Todas eran Emilias que le robaban a la suya. A la Emilia encendida sólo para él, a la que nunca se cansó de aventurarse en el universo inasible de su corazón.

– Cásate conmigo.

– Ya me casé contigo.

– Pero me engañas con el médico.

– No entiendes nada.

– Entiendo que me engañas con el médico.

¿Cuántas Emilias? La de Zavalza, la de sus hijos, la de la piedra bajo la almohada, la del árbol, la del tren, la médica, la boticaria, la viajera, la suya.

¿Cuántas Emilias? Mil y ninguna, mil y la suya.

En 1963 la llave de la casa de Milagros seguía siendo la misma. Daniel había vuelto a usarla colgando de su cuello. Se ponía el sol contra los volcanes hospitalarios e impredecibles, cuando Emilia entró a la sala con sus deseos intactos, pese al montón de años que llevaba cargándolos. Daniel había abierto el balcón y miraba hacia la calle.

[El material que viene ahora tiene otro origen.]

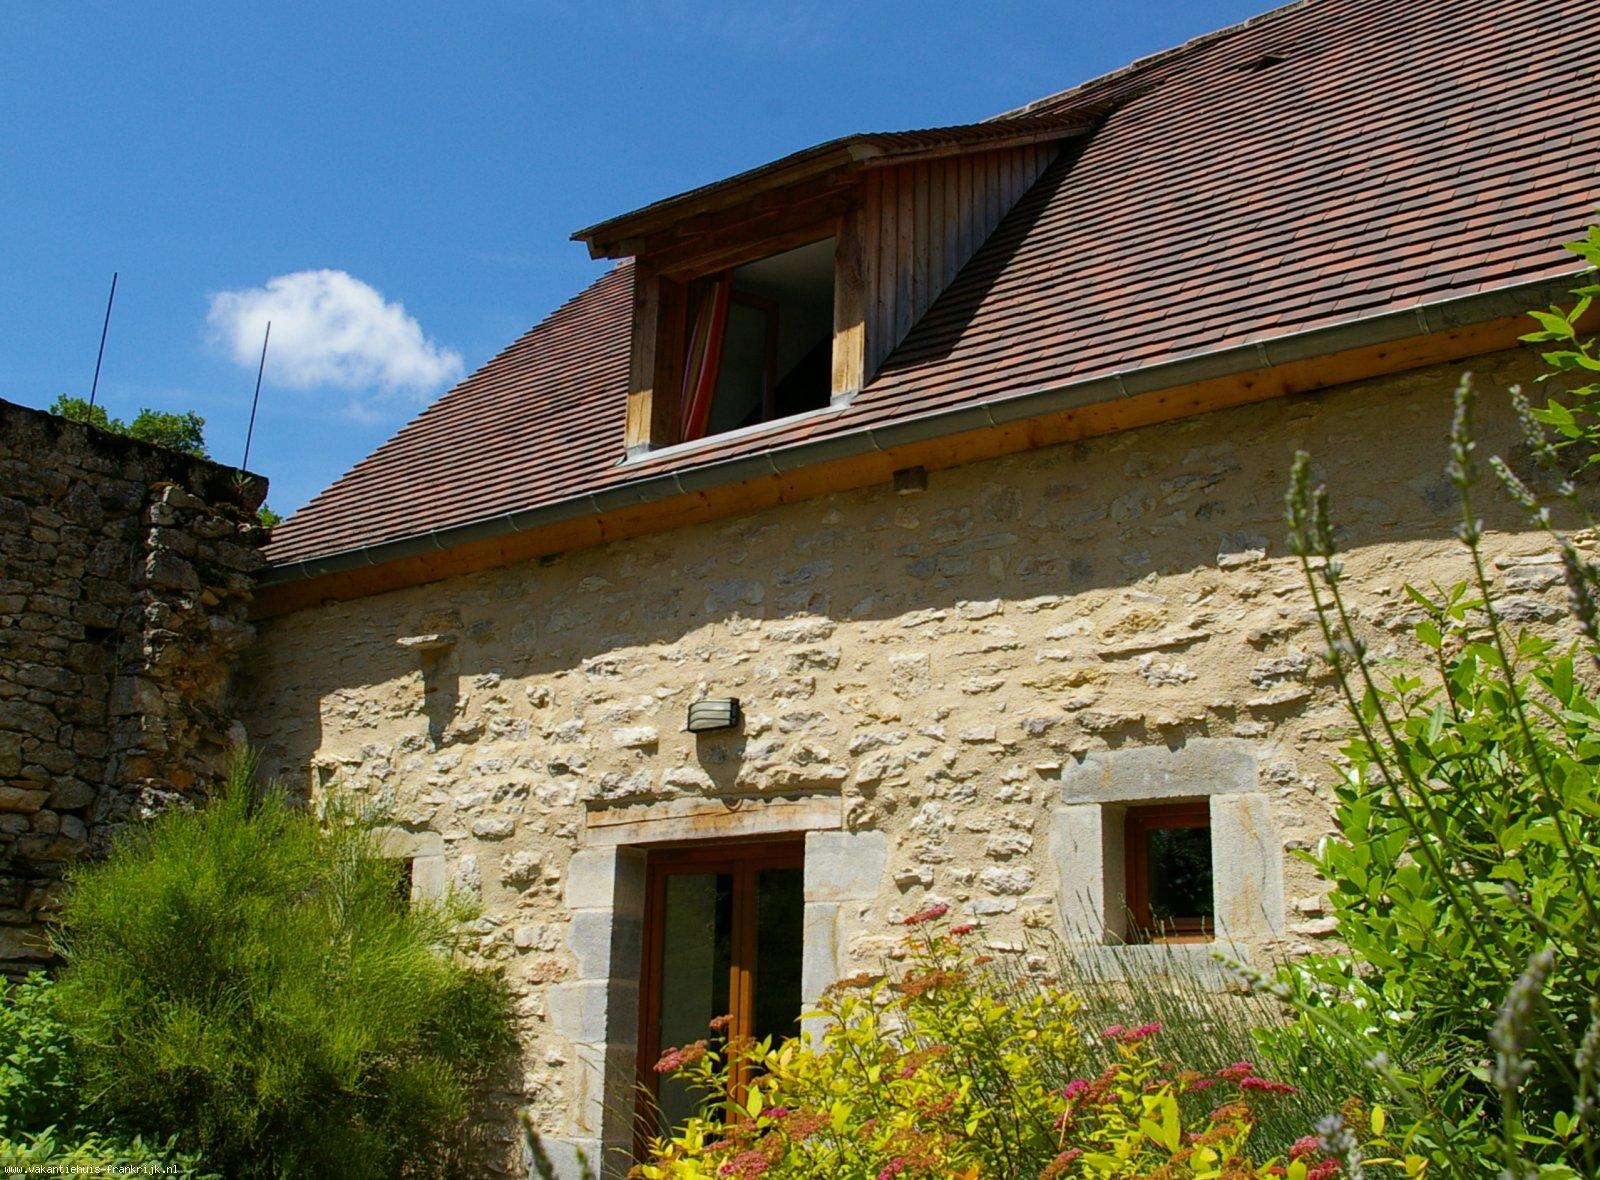 Vakantiehuis: Vakantiehuis De Quercy Stone Gite in Marcilhac-sur-Cele - Privé-tuin, Prachtig aangelegd, heerlijk gelegen, goed ontspannen te huur voor uw vakantie in Lot (Frankrijk)

– ¿Es mi nieta la niña que te trajo hasta la puerta?

– Ya sabes -contestó Emilia-. Aquí todos los hijos y todos los nietos son del doctor Zavalza.

– Pero ésta se quita el pelo de la cara con un gesto mío -dijo Daniel.

– ¿A qué horas llegaste? -le preguntó Emilia besándolo como cuando todo era terso en sus bocas. Un hueco invariable latió bajo su pecho.

– Nunca me voy -dijo Daniel acariciando su cabeza con olor a misterios.